In addition, in this embodiment, the annular portion 32 surrounds the radially outer side of the vane grooves 36, and the outer circumferential periphery of the impeller 30 does not have a pump passage. Fuel is pressurized through the pump passages 202, and the pressurized fuel generates differential pressure with respect to the rotative direction. In this structure of this embodiment, the differential pressure is not directly applied radially to the impeller 30. Thus, force applied to the impeller 30 with respect to the radial direction is reduced. Consequently, the rotation center of the impeller 30 can be restricted from being misaligned, so that the impeller 30 can smoothly rotate.
Thus, the pump efficiency ηp is enhanced, so that the capacity of the fuel pump 10 can be enhanced, and the discharge amount of the fuel pump 10 can be also enhanced.
(Modification)
The communication wall 21 is not limited to a flat surface. As shown in FIG. 18, the communication wall 21 may be in a substantially convex surface. The communication wall 21 shown in FIG. 18 is gradually elevated from the inlet port 200 toward the pump passages 202, and communicates with the pump passages 202. In this structure, fuel is drawn through the inlet port 200, and is introduced by the communication wall 21 toward the vane grooves 36. In this modification, the angle ε is defined to satisfy the relationship of 90°≦ε≦130°.
Summarizing the above embodiments, the impeller 30 is rotatable in the fluid pump 10 having the pump passage 202, 203 extending along the rotative direction of the impeller 30. The impeller 30 includes the partition walls 34 that are arranged along the rotative direction. Adjacent two of the partition walls 34 define the vane groove 36 therebetween. Each partition wall 34 has the back surface 37 on the backside with respect to the rotative direction. At least the radially inner side of the back surface 37 is radially outwardly inclined backwardly with respect to the rotative direction. The back surface 37 has the radially inner end 37 a, 121 a, 131 a, 141 a, 151 a and the radially outer end 37 b, 121 b, 131 b, 141 b, 151 b, which are connected via the line segment 110. The line segment 110 may define the backward inclining angle α with respect to the radius 102 of the impeller 30. The backward inclining angle α may be an acute angle. The back surface 37 is inclined from the thickness-center 37 c of the impeller 30 toward both thickness-ends 37 d of the impeller 30 forwardly with respect to the rotative direction. The thickness-center 37 c and each of the thickness-ends 37 d are connected via the line segment 112. The line segment 112 may define the forward inclining angle β with respect to the straight line 106. The forward inclining angle β may be an acute angle. The straight line 106 may be tangent to the circumscribed circle of the outer circumferential periphery of the impeller 30. The backward inclining angle α and the forward inclining angle β preferably satisfy the following relationships: 15°≦α≦30°; β≦60°; and 1≦β/α≦4.

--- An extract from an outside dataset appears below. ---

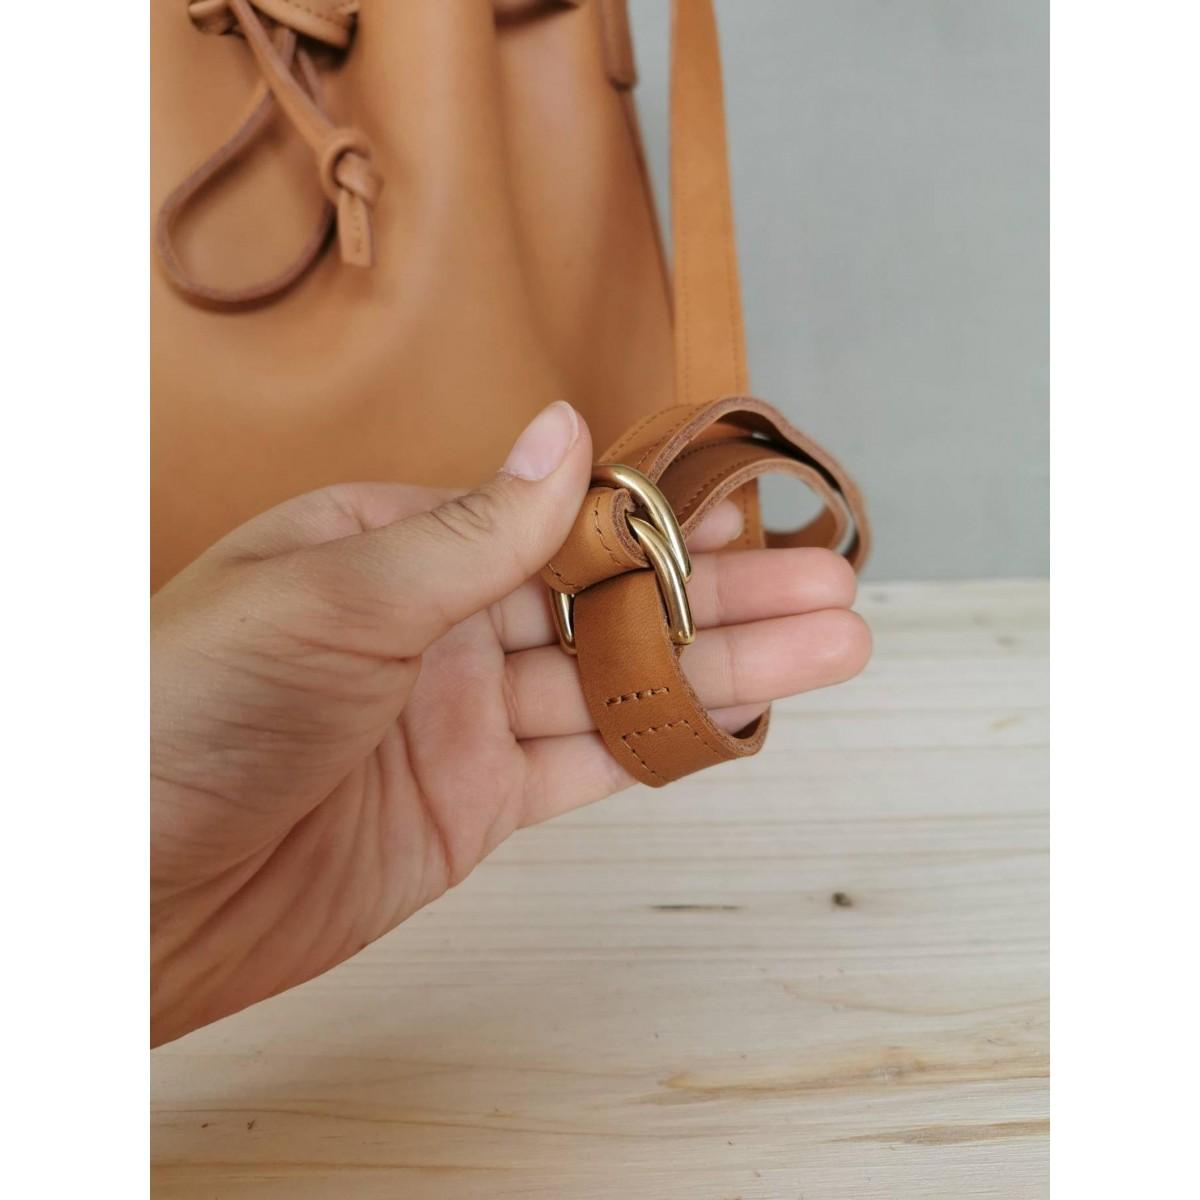 BSAITE / Leder Bucket Bag / Leder Beuteltasche

Alternatively, the fluid pump 10 includes the case member 20, 22 and the impeller 30. The case member 20, 22 has the inlet port 200 and the pump passage 202, 203. The impeller 30 is rotatable in the case member 20, 22. The impeller 30 having the vane grooves 36 along the pump passage 202, 203 extending along the rotative direction of the impeller 30. Each vane groove 36 is defined by the back surface 37 on the backside with respect to the rotative direction. At least the radially inner side of the back surface 37 is outwardly inclined backwardly with respect to the rotative direction. The back surface 37 has the radially inner end 37 a, 121 a, 131 a, 141 a, 151 a and the radially outer end 37 b, 121 b, 131 b, 141 b, 151 b, which are connected via the line segment (first line segment) 110. The first line segment 110 may define the backward inclining angle α with respect to the radius 102 of the impeller 30. The backward inclining angle α may be an acute angle. The back surface 37 on the side of the inlet port 200 is inclined from the thickness-center 37 c of the impeller 30 toward the inlet port 200 forwardly with respect to the rotative direction. The case member 20, 22 has the communication wall 21 that defines the communication passage 201 communicating the inlet port 200 with the pump passage 202, 203. The communication wall 21 has the inlet-side end 21 a and the passage-side end 21 b that are connected via the inclining straight line 108, which is gradually elevated from the inlet port 200 toward the pump passage 202, 203. The inclining straight line 108 may define the angle ε with respect to the line segment (second line segment) 114, which extends from the thickness-center 37 c of the back surface 37 to the inclining straight line 108 through the inlet-side end 21 a of the back surface 37. The angle ε may be one of the right angle and the obtuse angle. The angle ε preferably satisfies the following relationship: 90°≦ε≦130°.
Other Embodiment
The rising angle θ may be preferably set to satisfy the relationship of 10°≦θ≦30°. However, the rising angle θ is not limited to this range of 10°≦θ≦30°.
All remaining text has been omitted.